Top biotech and pharmaceutical executives typically find ample demand for their expertise on the boards of smaller, emerging drug developers after they’ve stepped down or left their previous roles. For example, John Maraganore, the longtime CEO of Alnylam Pharmaceuticals who handed the reins to Yvonne Greenstreet in December, has since joined the boards of several biotech companies, while becoming a venture partner and adviser to two prominent venture capital firms.

Sandrock’s appointments are particularly notable given the high-profile nature of his departure from Biogen, where he had served as chief medical officer and head of R&D. His surprise exit, announced last November, came as the biotech company was seeking to defuse criticism around Aduhelm and its contentious approval by the Food and Drug Administration last June.

In Verge and Voyager, he’s chosen to work with early-stage companies exploring new ways to develop treatments for neurodegenerative diseases like ALS and Huntington’s. Voyager, which specializes in genetic medicine, is trying to direct its drugs to harder-to-reach tissues like the brain.

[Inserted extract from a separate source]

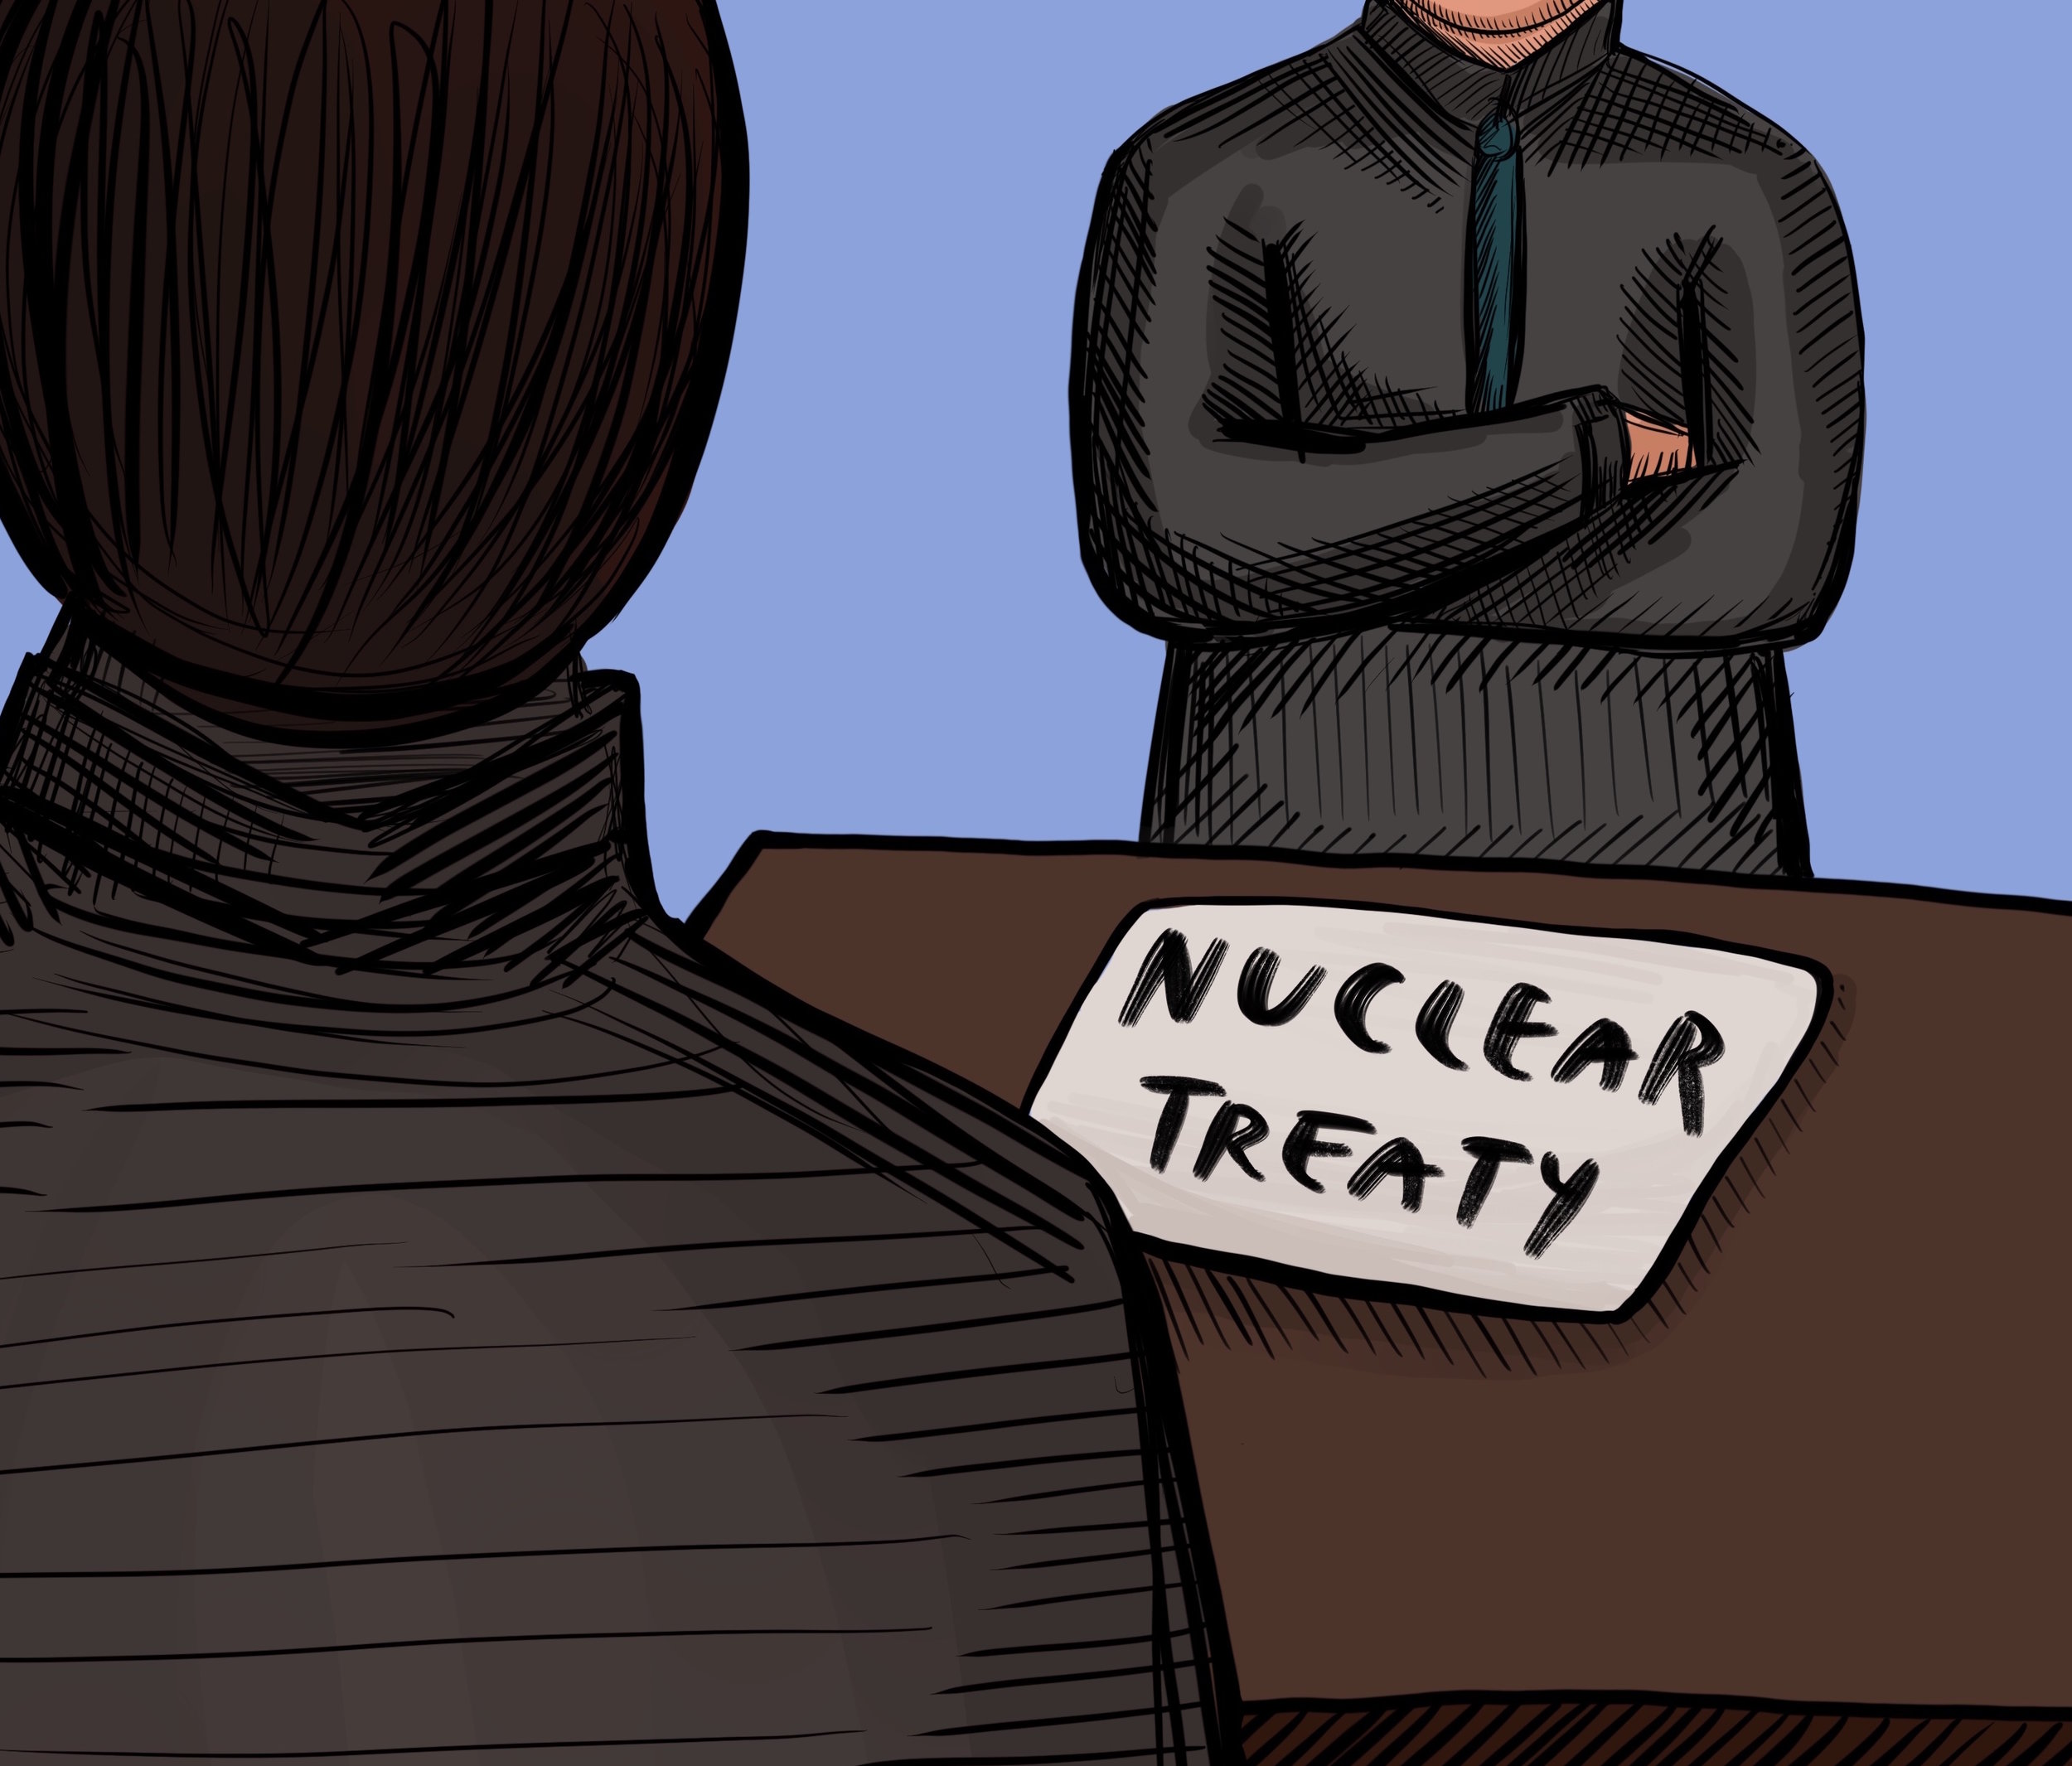 NuclearTreatyAnjaliRao-Herel2022.jpeg
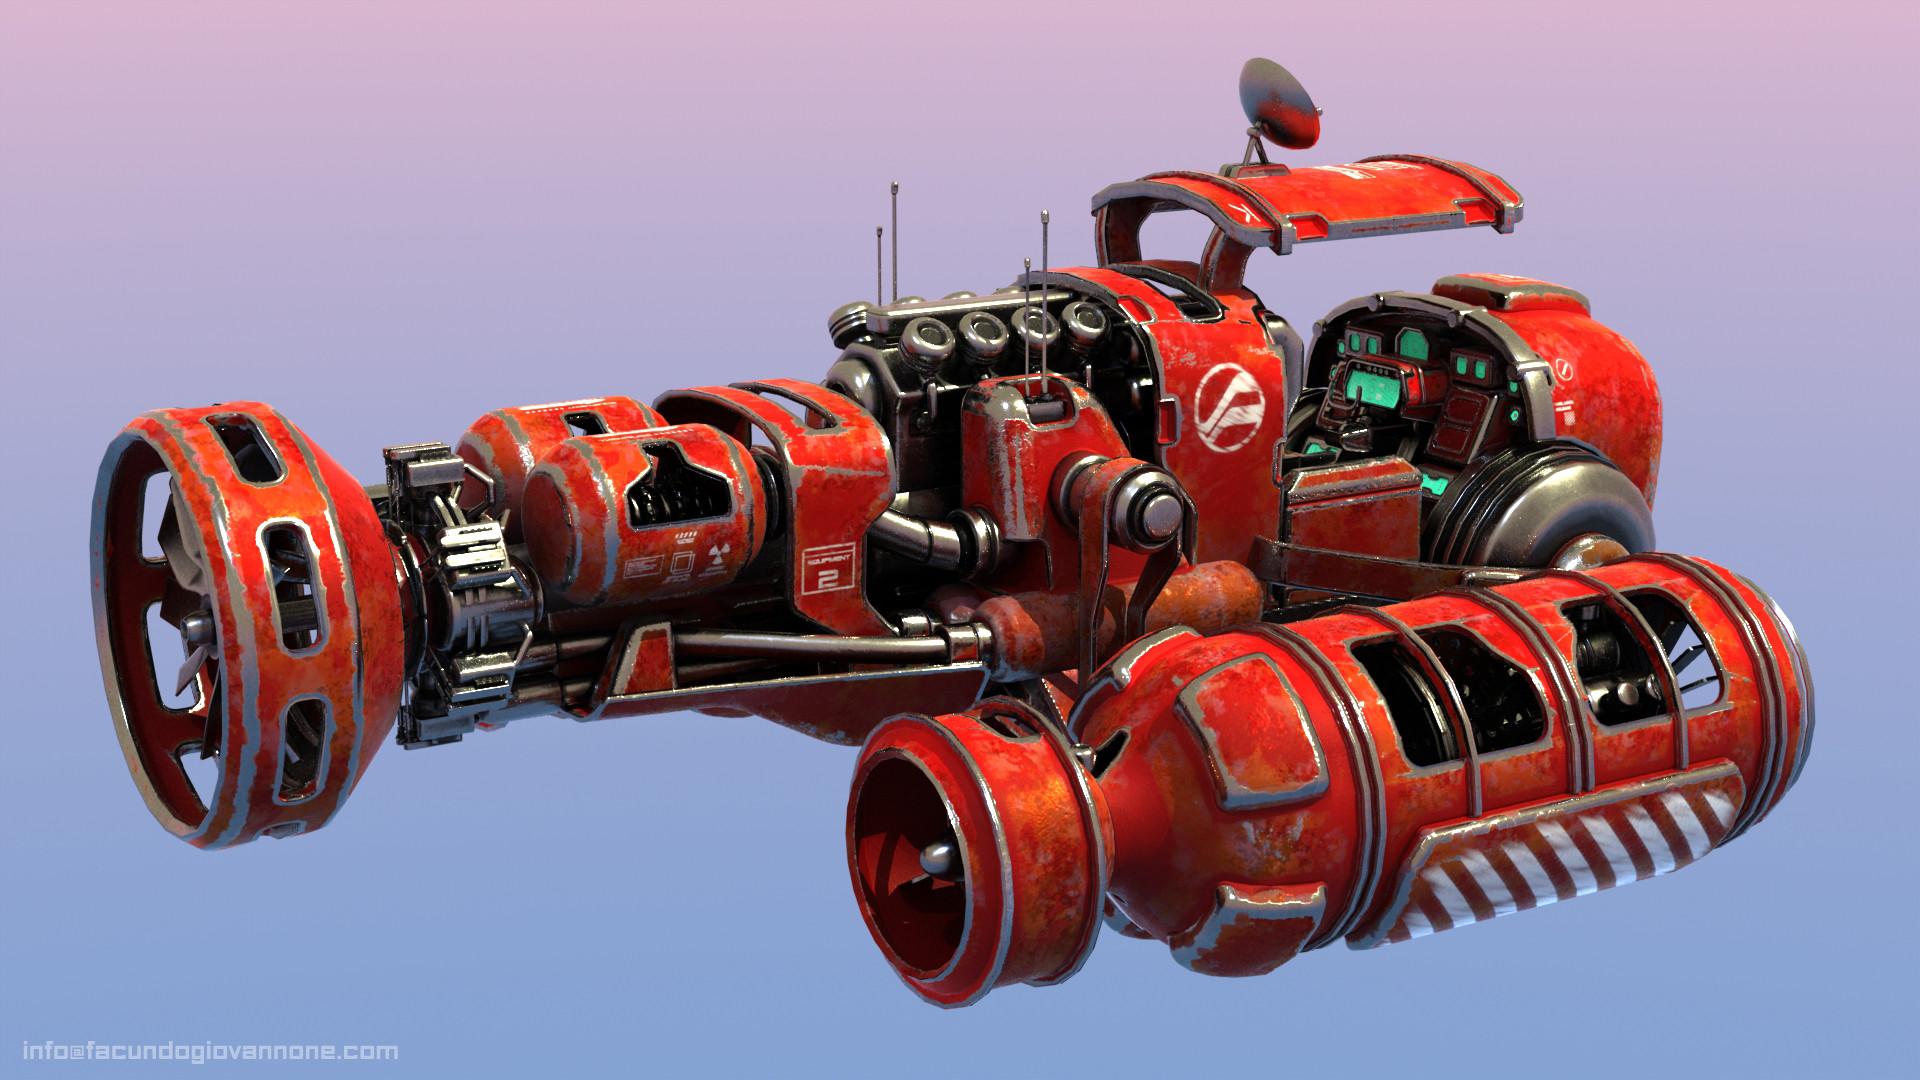 Facundo giovannone submarine 03

Verge, meanwhile, aims to use machine learning to unearth better drug targets from genomic data collected from patients with neurodegenerative diseases. The company recently struck a three-year research alliance with Eli Lilly and aims to advance its first candidate, a drug for ALS, into clinical testing this year.

Verge’s CEO, Alice Zhang, says Sandrock saw merit in the startup’s approach when they first met four years ago at a reception around the J.P. Morgan Healthcare Conference. “He saw that one of the biggest opportunities — and biggest challenges — was deciphering the complexity in the biology of neurodegeneration and using human data to identify better targets,” Zhang said. “And that’s, of course, exactly what we do.”

Then, last year, Verge hired Robert Scannevin, a former senior director at Biogen who had worked with Sandrock, as chief scientific officer. “That helped seal the deal,” according to Zhang.

Zhang said she isn’t concerned by the controversy surrounding Aduhelm and Sandrock’s role in its approval, noting that his experience validating drug targets in Alzheimer’s could help Verge.

“After getting to know Verge over the last four years and watching all of the remarkable scientific progress they have made, I am convinced that they are leading the way in tech-enabled drug discovery,” said Sandrock in a statement on his appointment.